Highlights & Insights

  • Generating interference using the model's own output is a brilliant evaluation stroke. Using its own reasoning on a different problem ensures "following it leads to error," decoupling "being interfered with" from "capability limits."
  • Dimensionality reduction of collaboration into \((m, n)\) probes: Positioning and steering length knobs allow for granular conclusions like "the beginning is most fragile," applicable to any verifiable task.
  • Honest "Spoiler Correction": The authors proactively identify that guidability is inflated by segments containing answers (18.6%), ensuring the results reflect actual capability.
  • Vulnerability lies in reasoning style: This insight directly informs data/teacher selection—distillation teachers should be chosen based on off-trajectory stability as well as accuracy.

Limitations & Future Work

  • The experiments cover only the simplest "two-model collaboration" setting; real-world multi-model, multi-turn, or human-in-the-loop scenarios are not addressed.
  • Evaluation is limited to reasoning correctness.
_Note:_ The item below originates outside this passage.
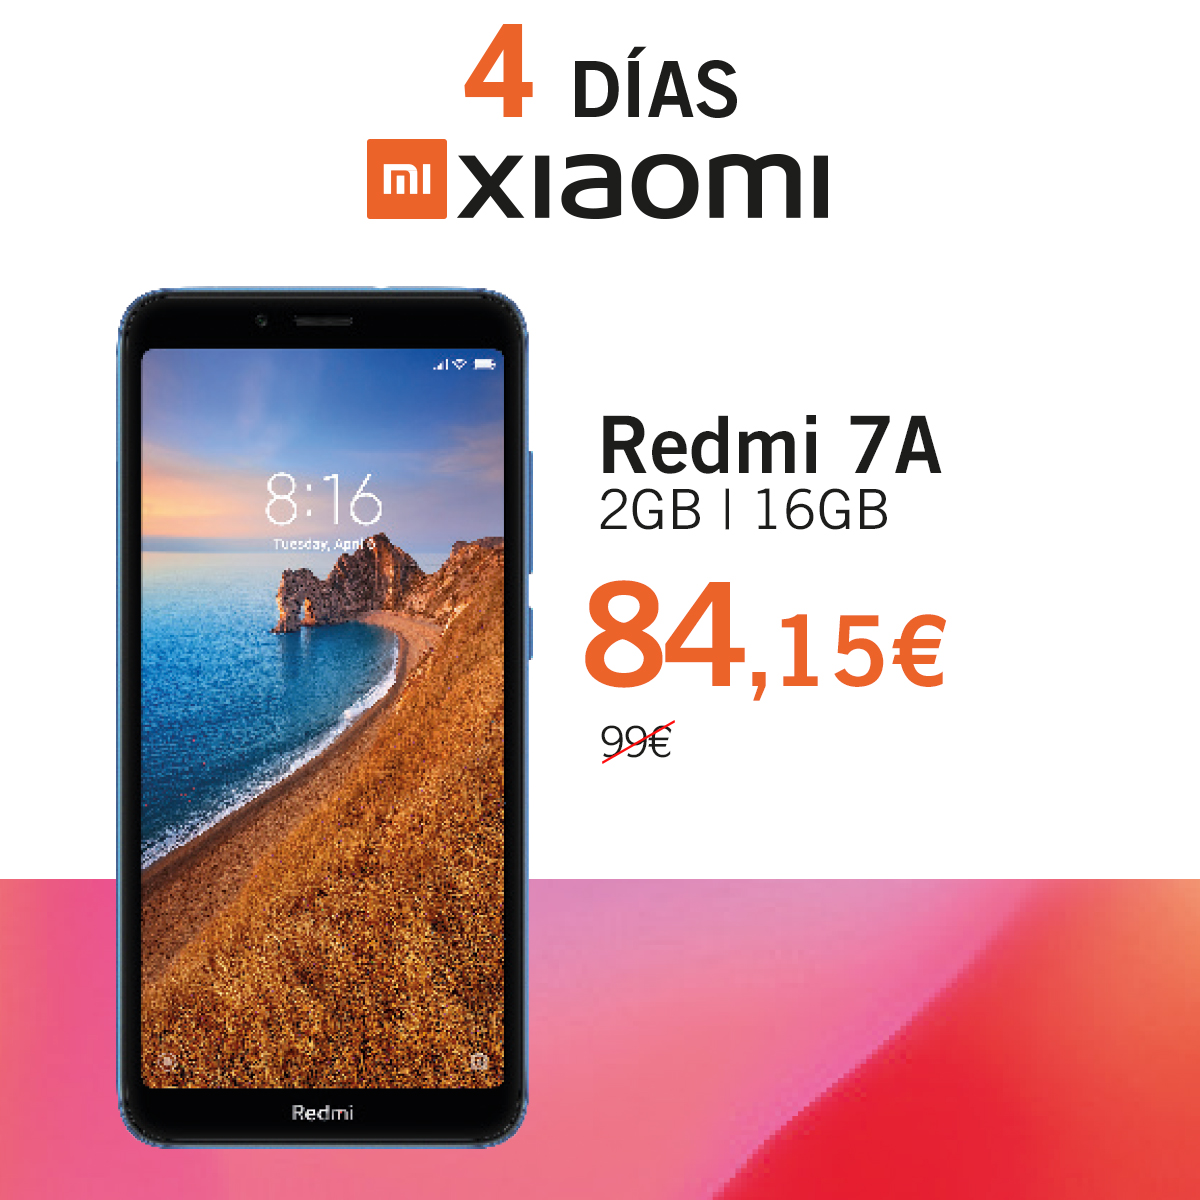 Redmi 7a Dias Xiaomi

While the framework can extend to alignment dimensions (e.g., robustly rejecting unsafe trajectories), this was not empirically explored.
  • Cross-domain comparisons require caution; recoverability/guidability scores for math and code are not directly comparable due to differences in task difficulty and verifiability.
  • The hypothesis that RL improves recoverability by "exposing failures and rewarding correction" remains a theory; the underlying mechanism requires further study.
  • vs. Standard Solo-Reasoning Benchmarks: Existing benchmarks measure independent solving; this paper measures relay performance. They are orthogonal, and this work proves that high solo scores do not imply relay strength.
  • vs. Reasoning Offloading/Meta-Reasoning Methods: Unlike works that build specific collaborative systems and report gains, this paper steps back to ask if solo models possess the prerequisite capability for collaboration, offering diagnosis instead of a new system.
  • vs. LIMO "Less is More" Hypothesis: While LIMO shows small high-quality data triggers reasoning, this work finds such data leads to high variance in off-trajectory stability—"Less is More" may not hold for robustness.

Rating

  • Novelty: ⭐⭐⭐⭐⭐ Formalizes "off-trajectory reasoning" and provides an actionable evaluation framework via twin tests.
  • Experimental Thoroughness: ⭐⭐⭐⭐⭐ 15 models across Math/Code domains + controlled factor experiments on Distillation/RL/Data.
  • Writing Quality: ⭐⭐⭐⭐ Clear concepts and intuitive diagrams, though some protocol details require appendix lookup.
  • Value: ⭐⭐⭐⭐⭐ Reveals the disconnect between benchmarks and collaborative capability; offers direct guidance for multi-agent reasoning and distillation strategies.